IMO these kinds of sites do not make for good first external practica. Of course you could not have anticipated this going in, but for next year look into well established sites that will not only provide cases but will help develop your professional identity as a psychologist. I think it's important, especially in early practica, to work in settings where psychologists are actually part of the delivery system (i.e., you are supervised by an on-site psychologist). You need strong, consistent examples of what TO DO first.

Thank you for the advice. I am going to talk to my DCT.

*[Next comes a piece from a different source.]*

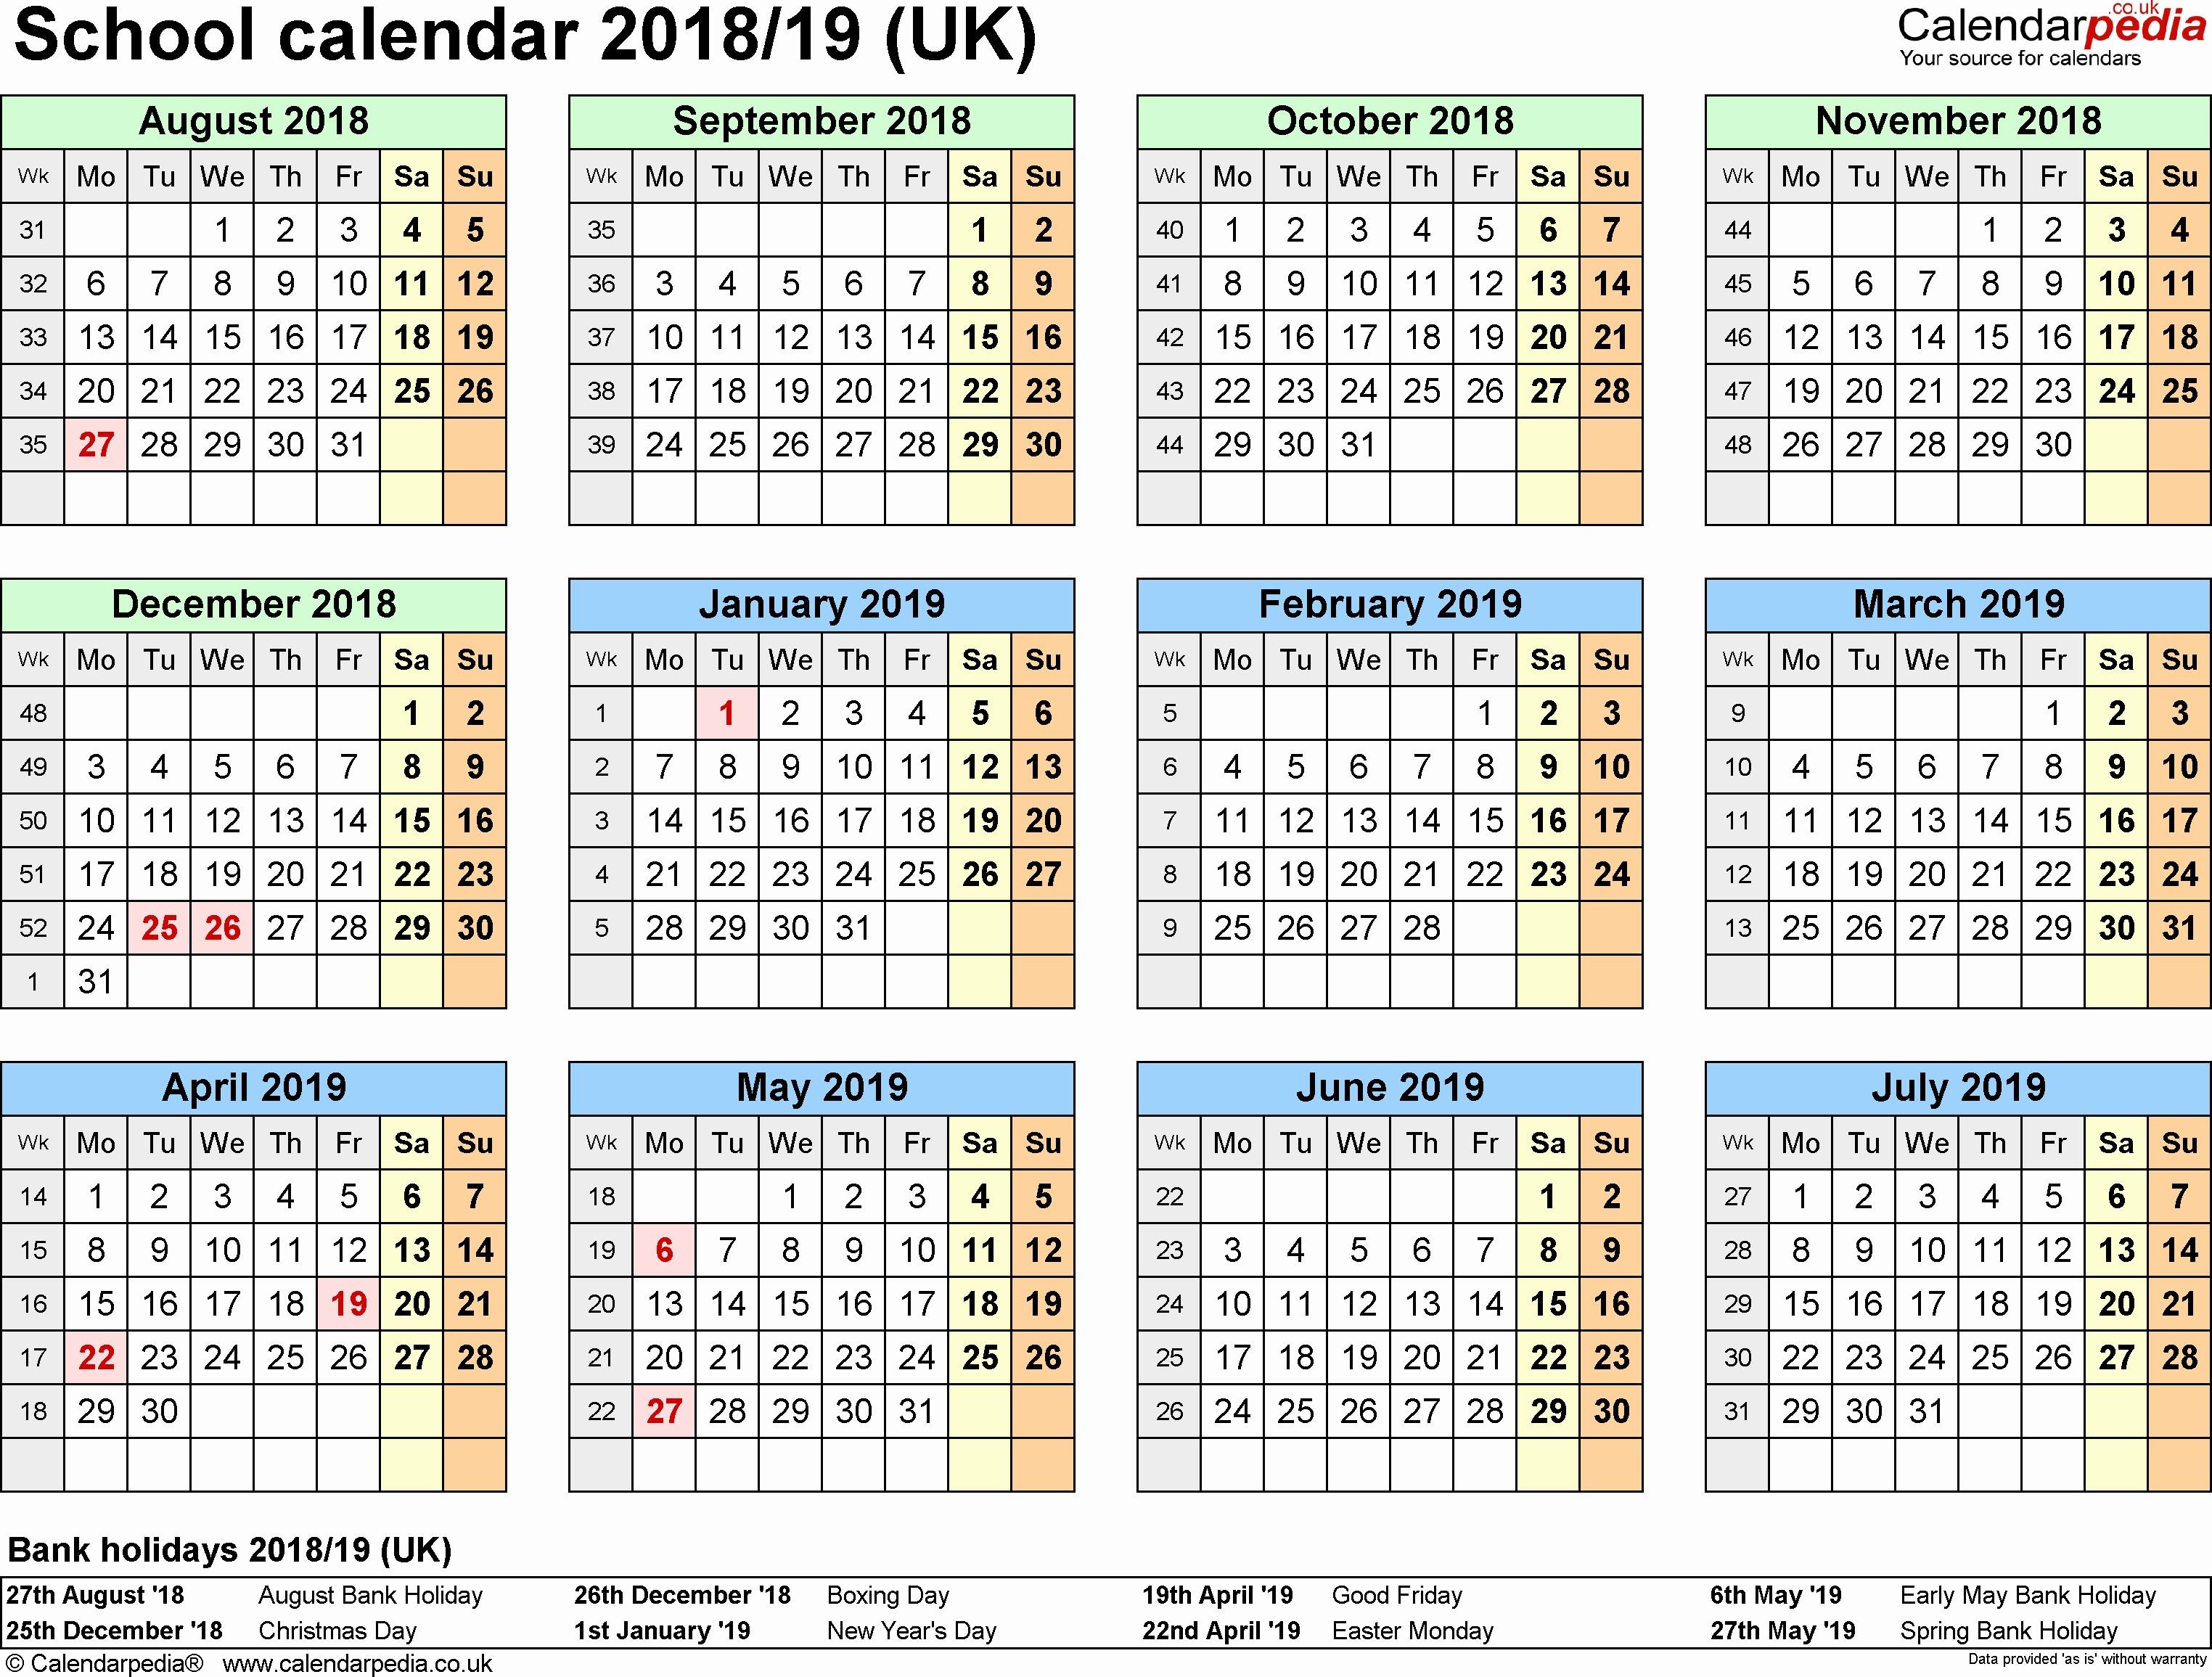 March Holiday Calendar 2019 Más Arriba-a-fecha Printable Calendar for 2018 2019 March 2019 Calendar with Holidays Of March Holiday Calendar 2019 Más Caliente Printable March 2019 Calendar Template Holidays Yes Calendars
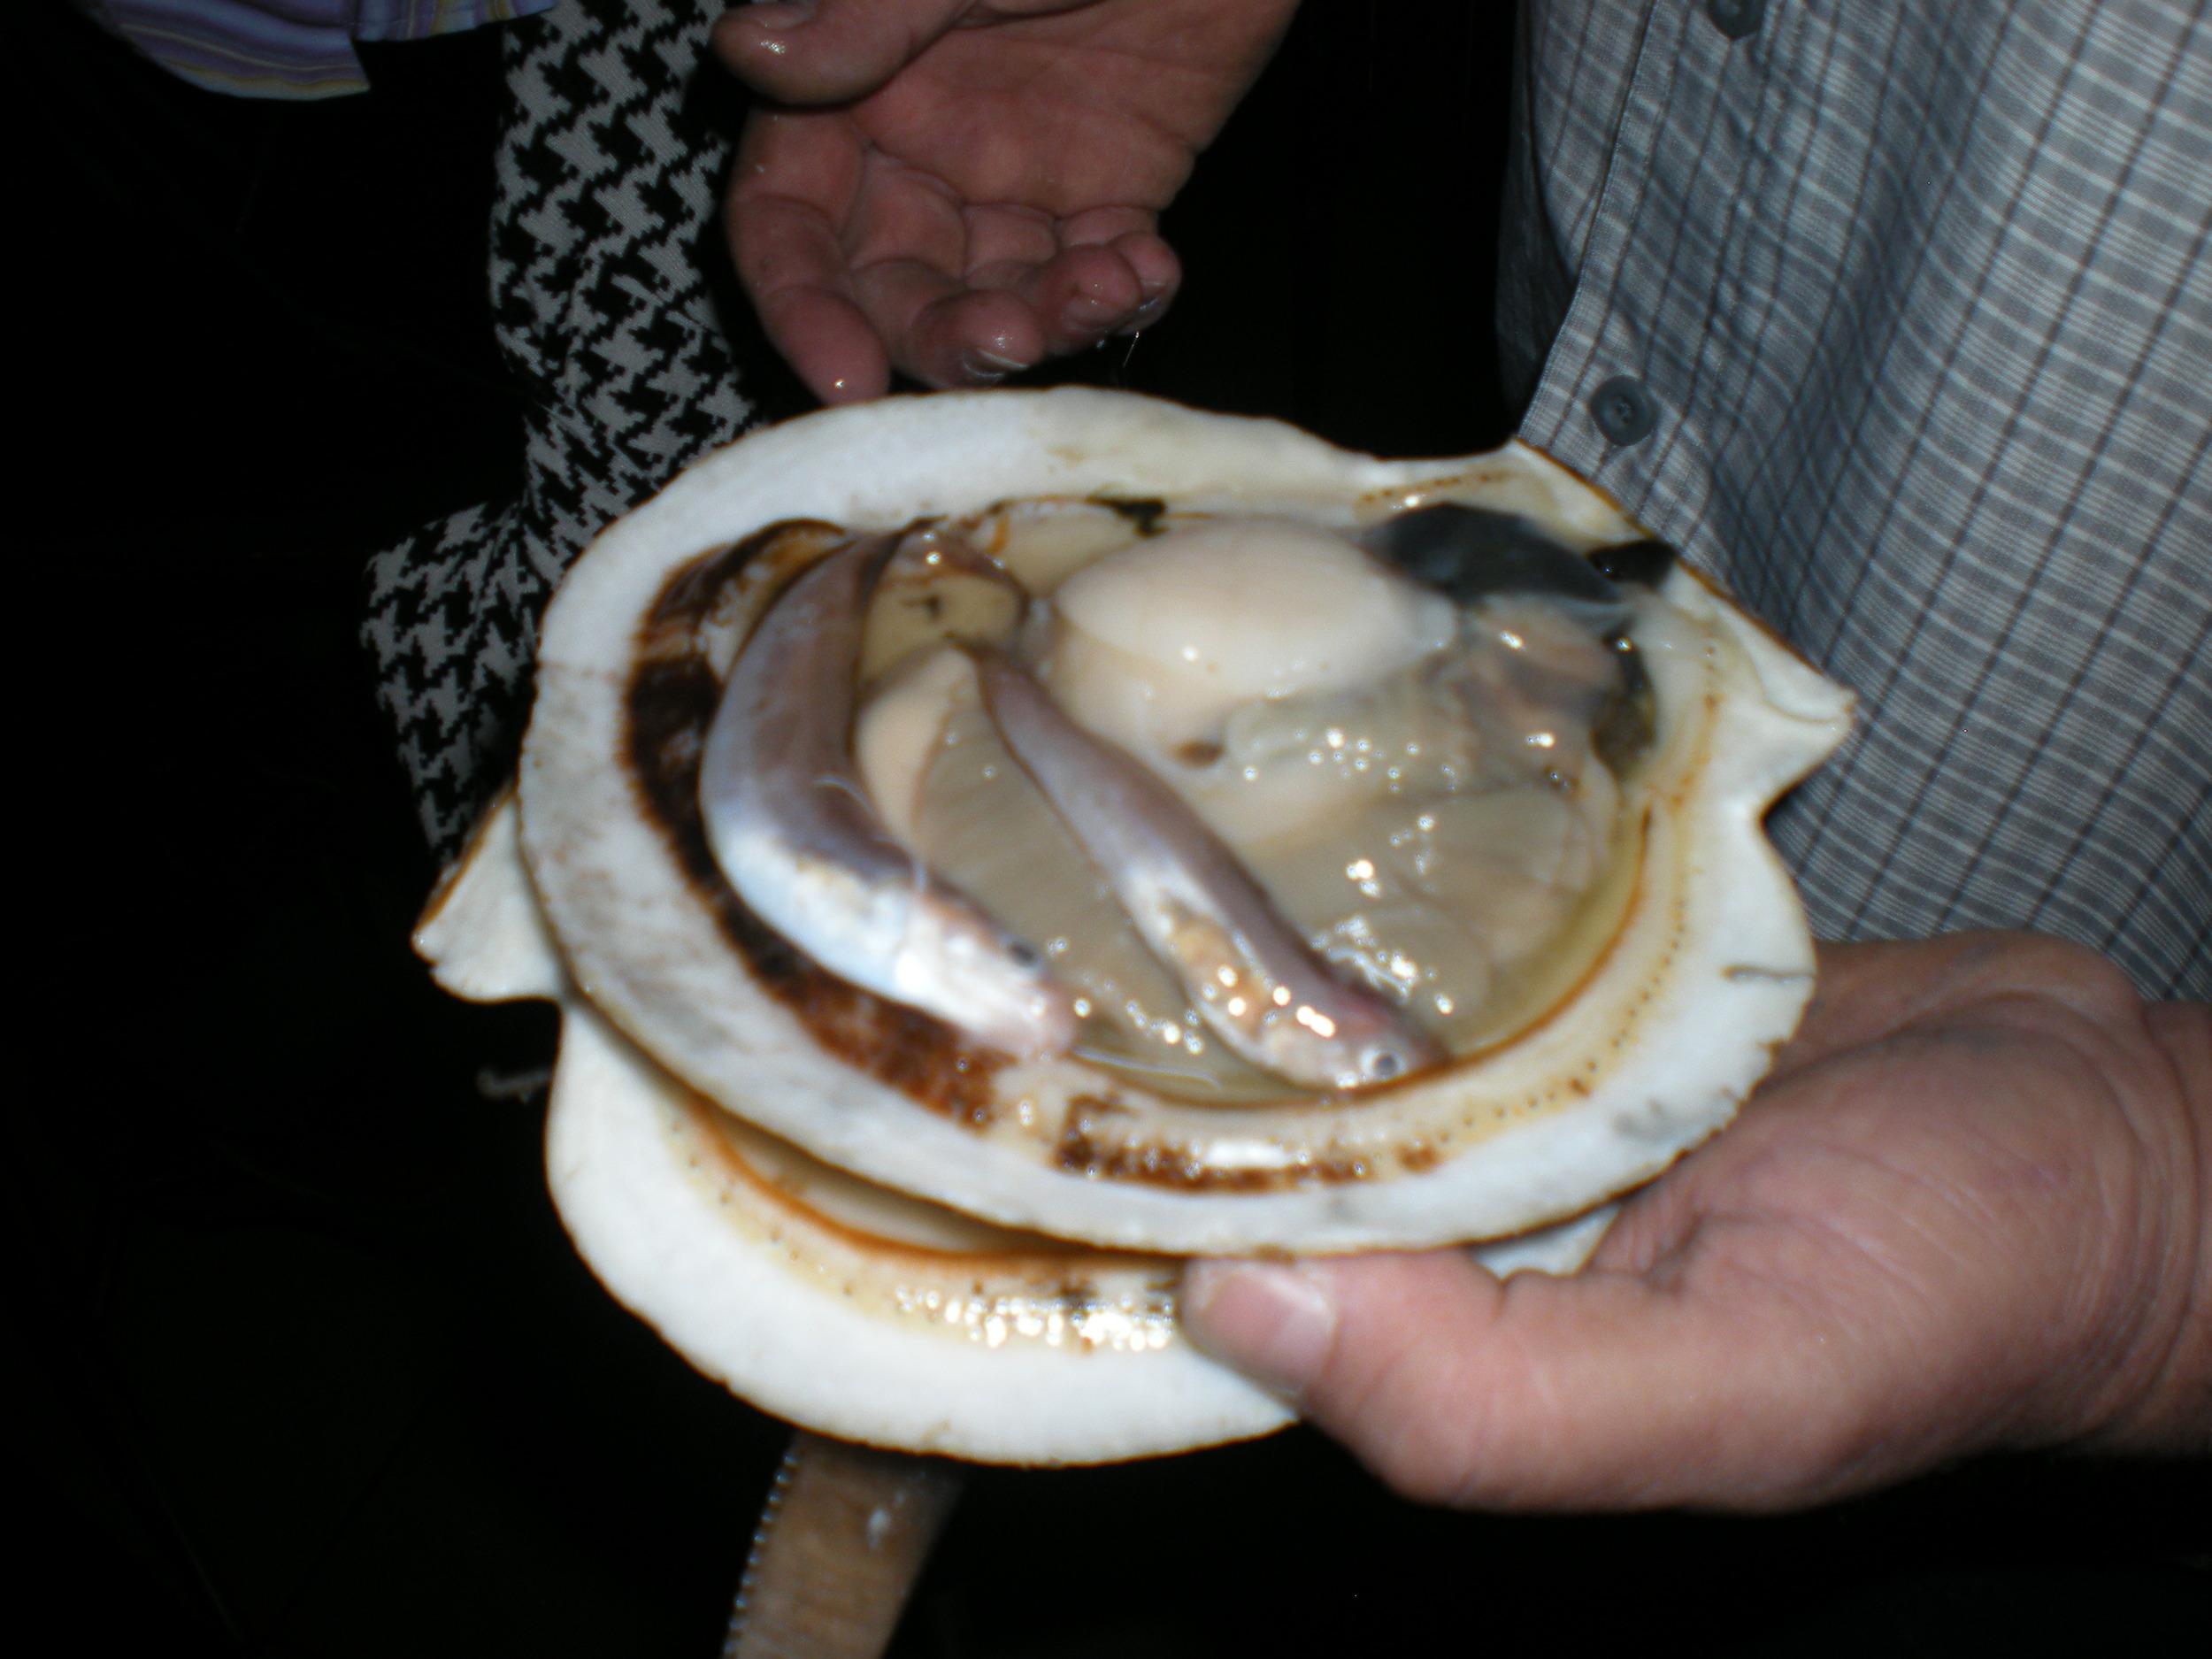 Juvenile red hake inside live sea scallops

Next year I plan on applying at sites (AMCs mostly) that are as you describe and have psychologists on site and integral. The site I'm at now is the only one approved by my program that does not meet that standard because typically it's a supplemental practicum. The reason it isn't for me is that I was allowed to take an early placement due to previous clinical experience and so I didn't go through the usual process of selecting and interviewing at different sites but was rather directly assigned this site.
 
-A licensed staff member advertises as balancing chakras as part of treatment
-A different licensed staff member uses astrology for case formulation and treatment

:rofl::rofl::rofl:
This just made my day! I honestly thought you were trolling at first =) YIKES doesn't begin to cover it. I would talk to DCT, not because I expect any meaningful changes, but because it's important that the sheer unethical incompetence doesn't mar your record. You don't know what kinds of rep the practicum site has and how having worked there may affect you in the future. So, it's important to let your outrage be known, so that it makes for a nice ethical dilemma narrative, and doesn't project the image that you're on board with this. You DCT may also nix this site for future practicum students, saving them a lot of heartache.
 
not because I expect any meaningful changes
I dunno. Get the DCT to get the Dean to consult w a UCC director at a big, peer uni. There are LOTS of issues about making sure people with suicidal ideation, potential for violence, eating disorders, etc., do not slip through the cracks of UCCs and families sue the uni (on top of the obvious bad stuff that might happen to students). Those practices are going to miss someone some day soon and something bad is going to happen.